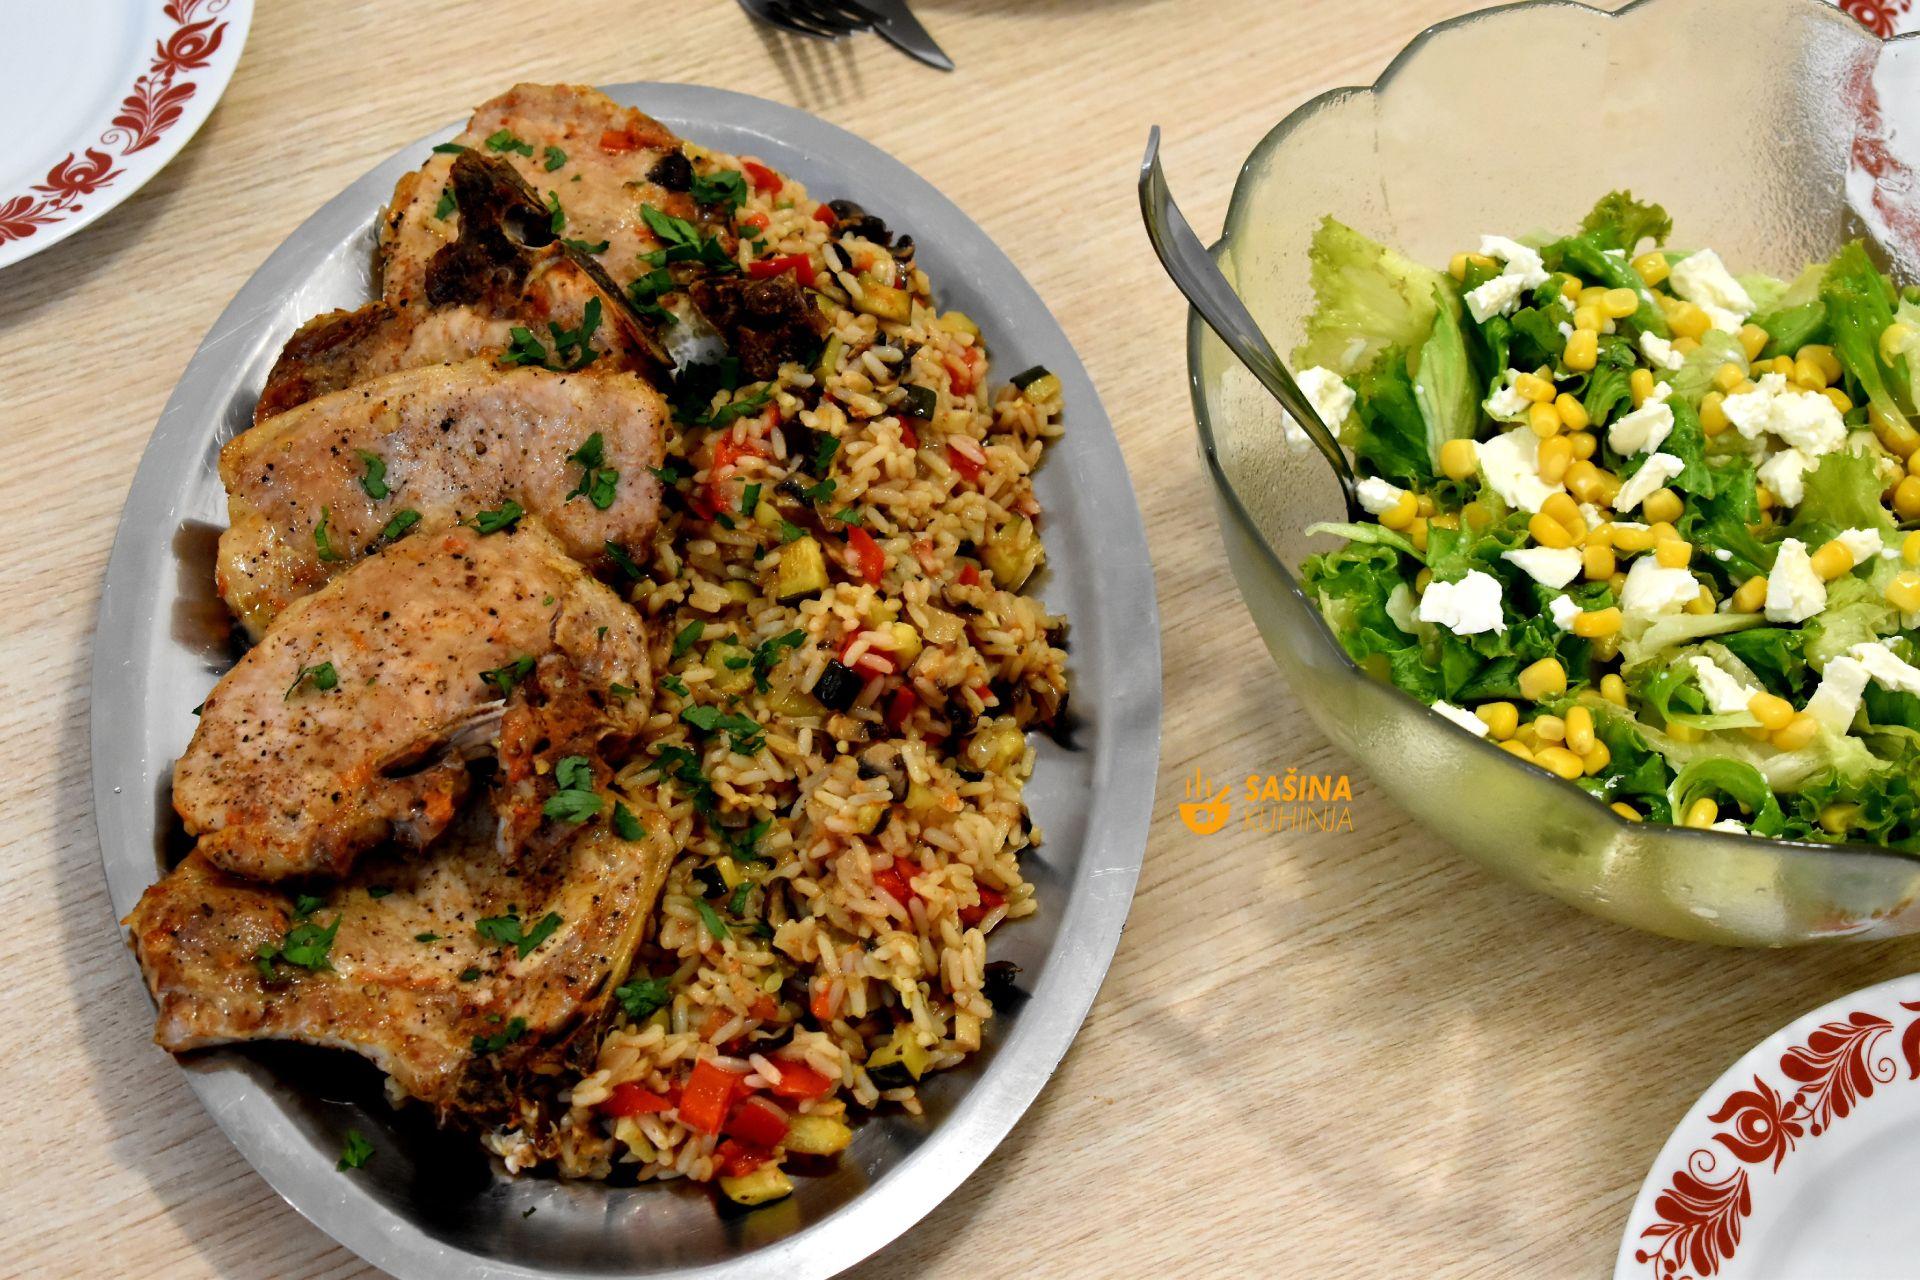 krmenadli s rižom i povrćem iz pećnice kotleti kremenadle sašina kuhinja
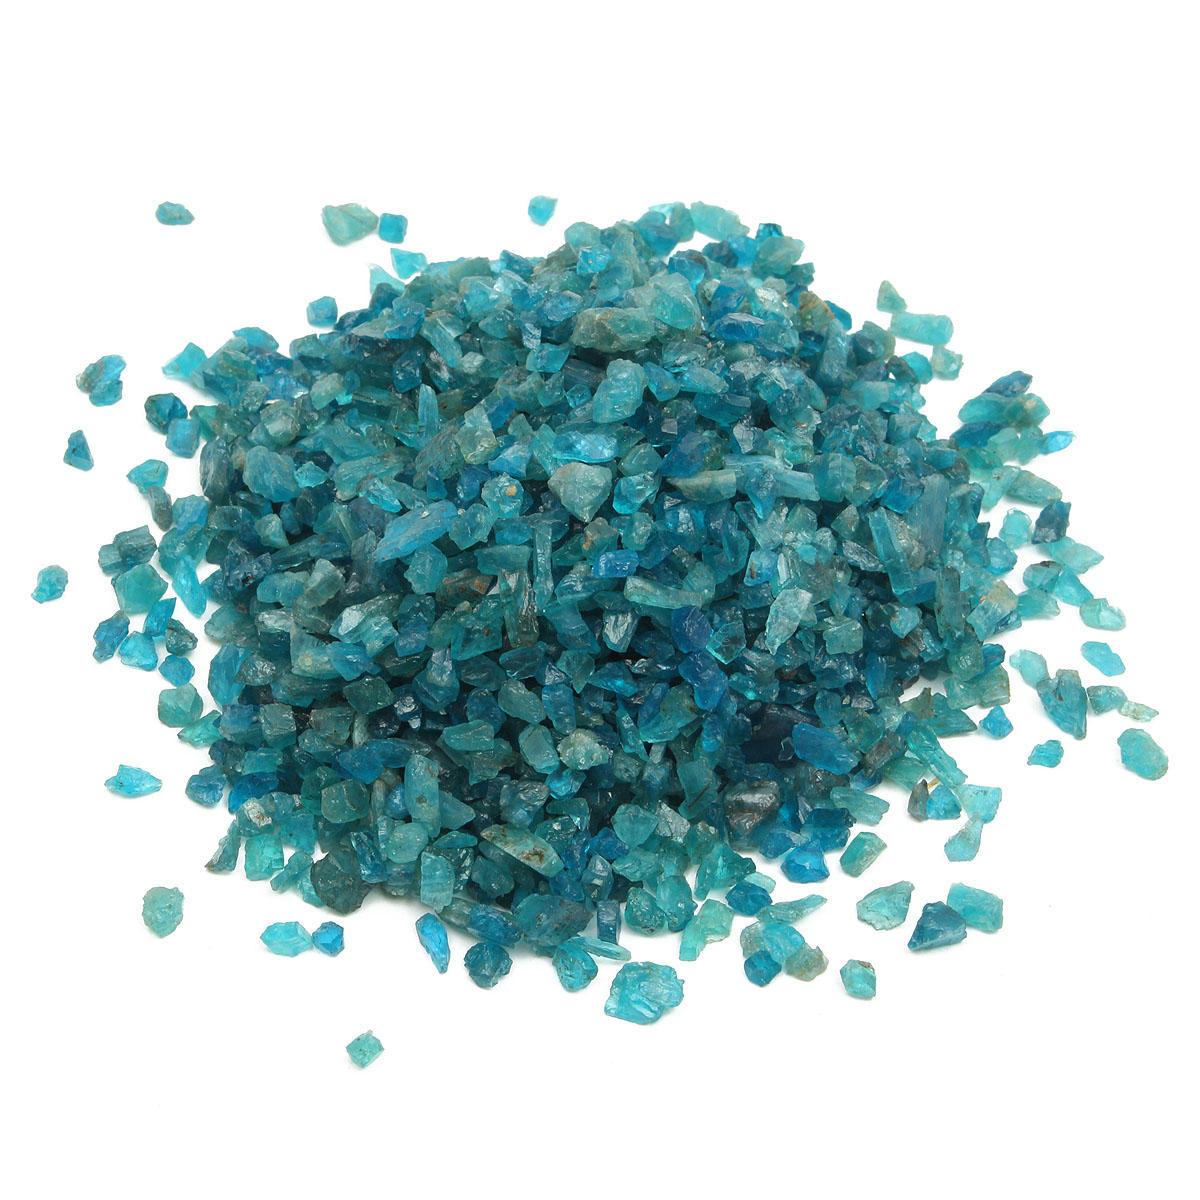 Naturale blu apatite pietra verde grezzi minerali impostazioni fai da te 100g
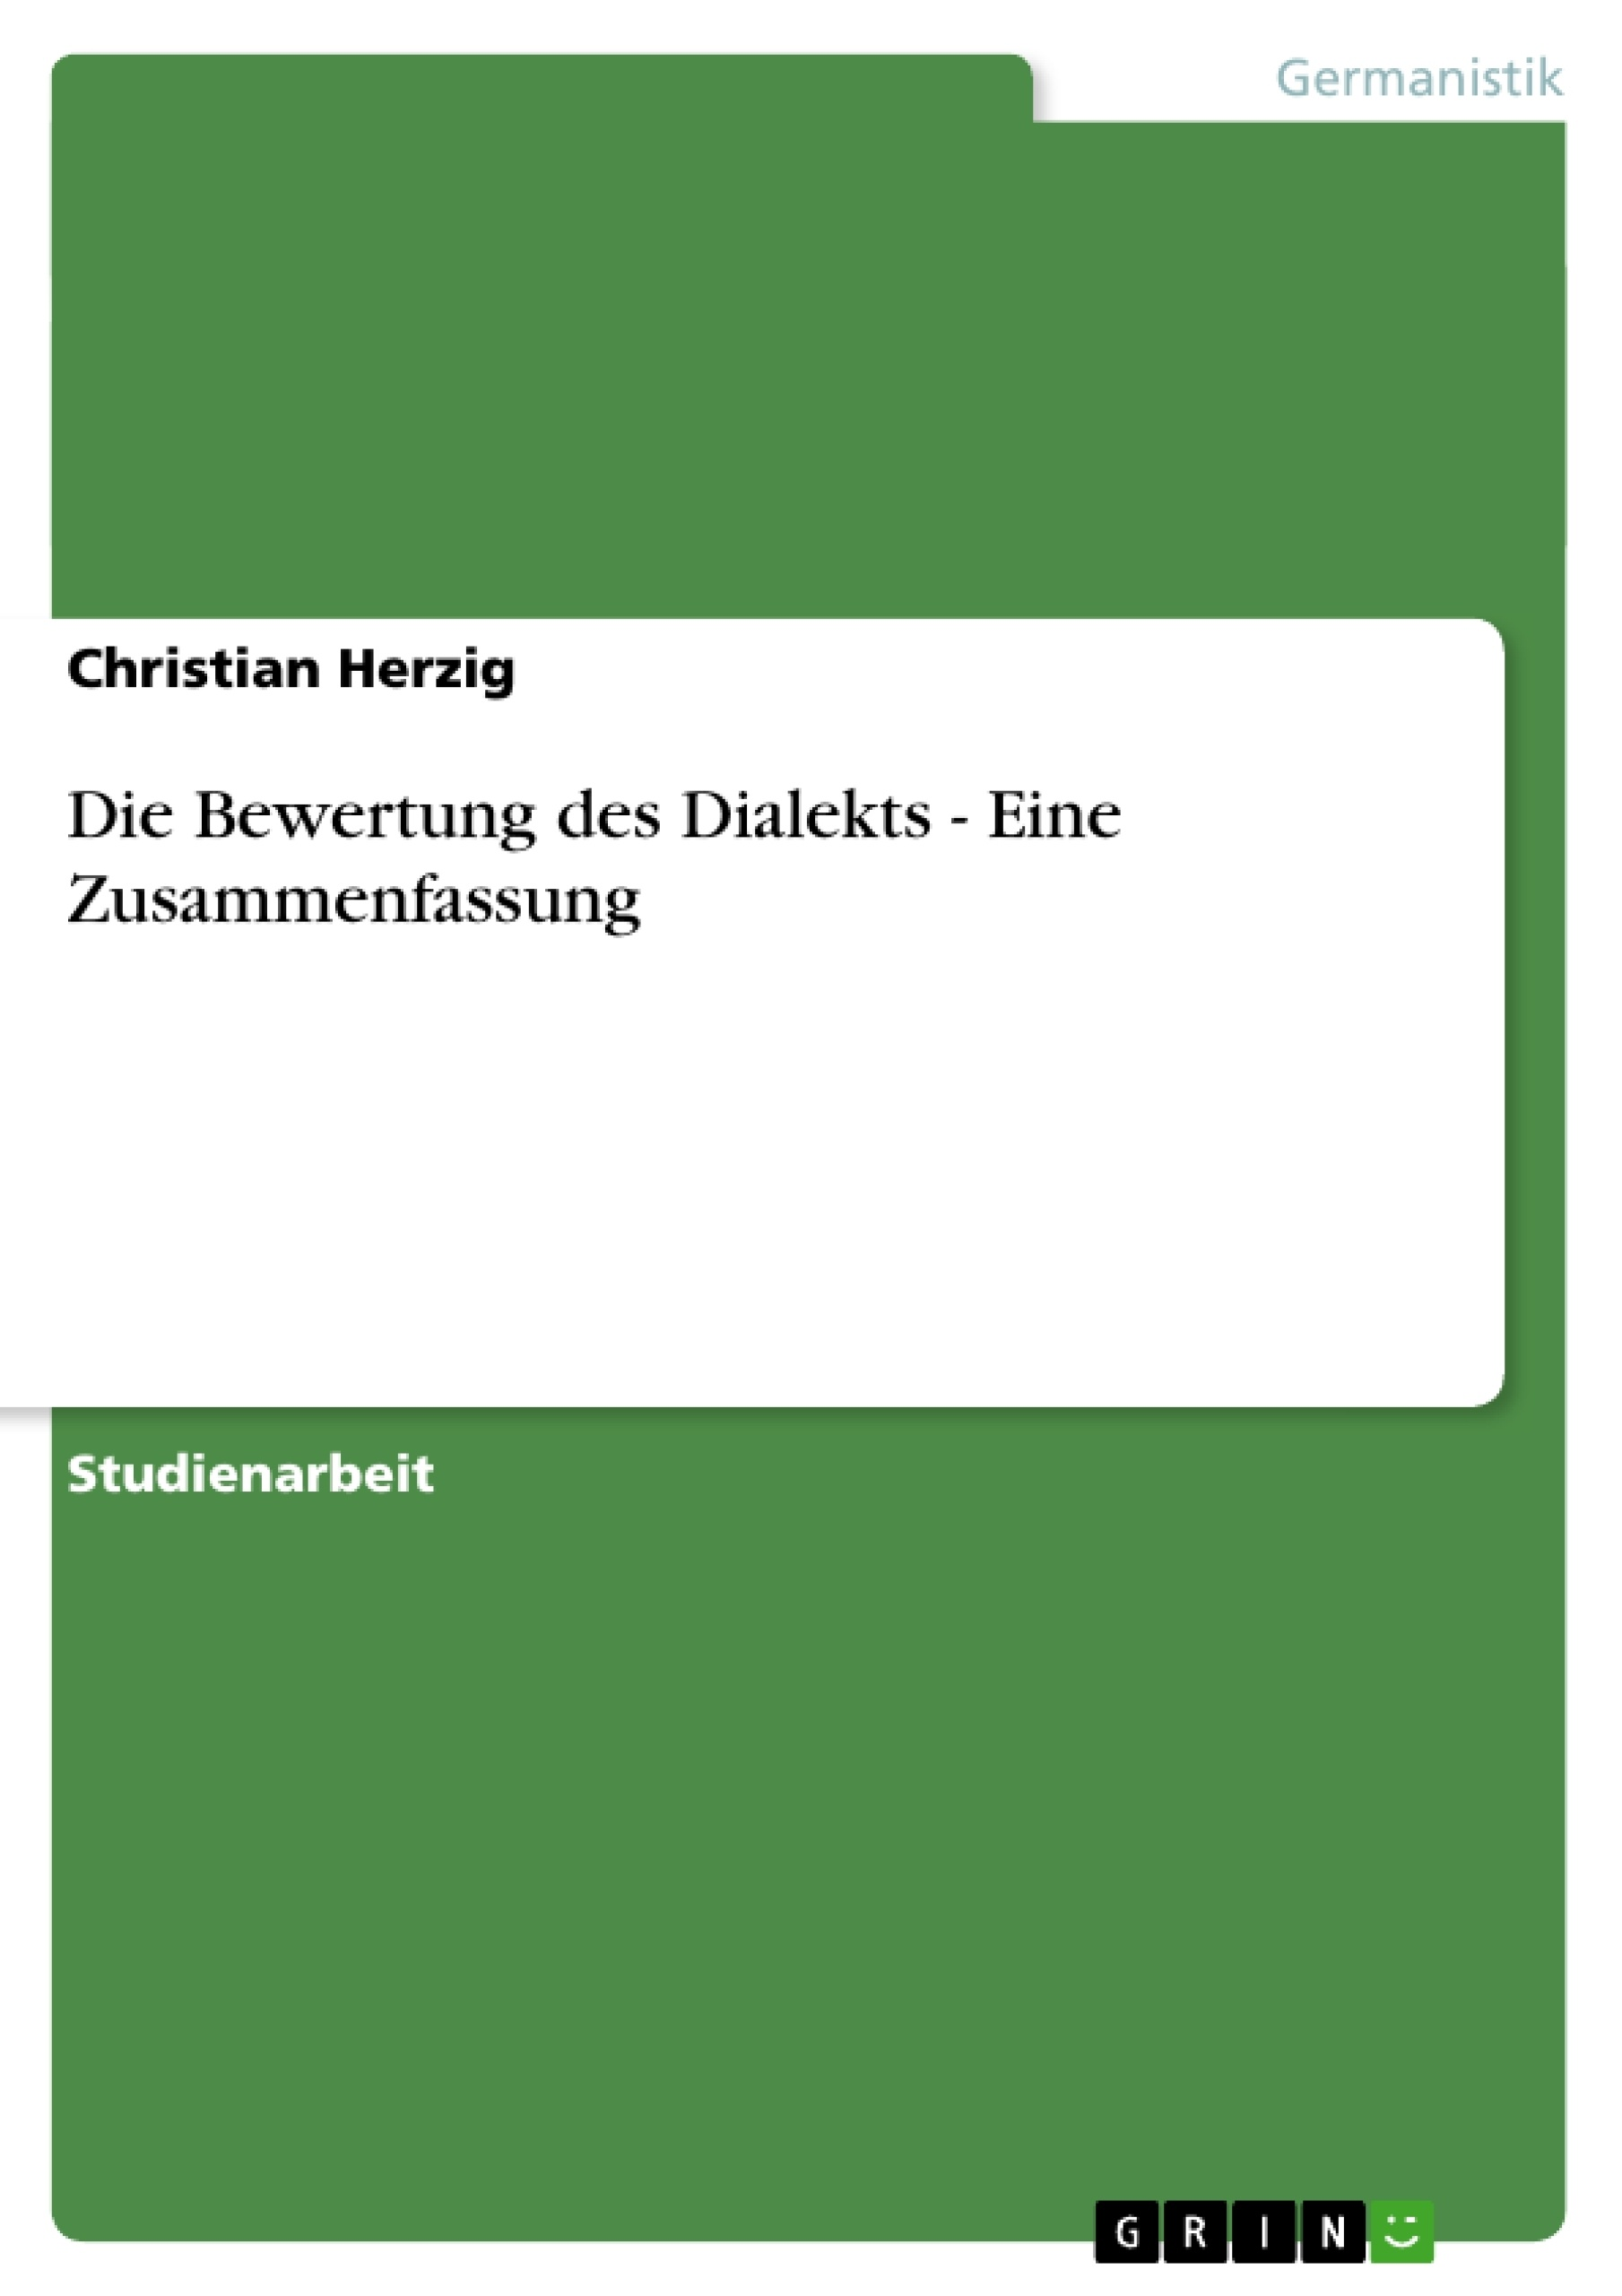 Titel: Die Bewertung des Dialekts - Eine Zusammenfassung

**What you need to do:** Could the listing above be printed again in full, with every picture omitted?

**Result for this task:**
 krmenadli s rižom i povrćem iz pećnice kotleti kremenadle sašina kuhinja
 Naturale blu apatite pietra verde grezzi minerali impostazioni fai da te 100g
 Titel: Die Bewertung des Dialekts - Eine Zusammenfassung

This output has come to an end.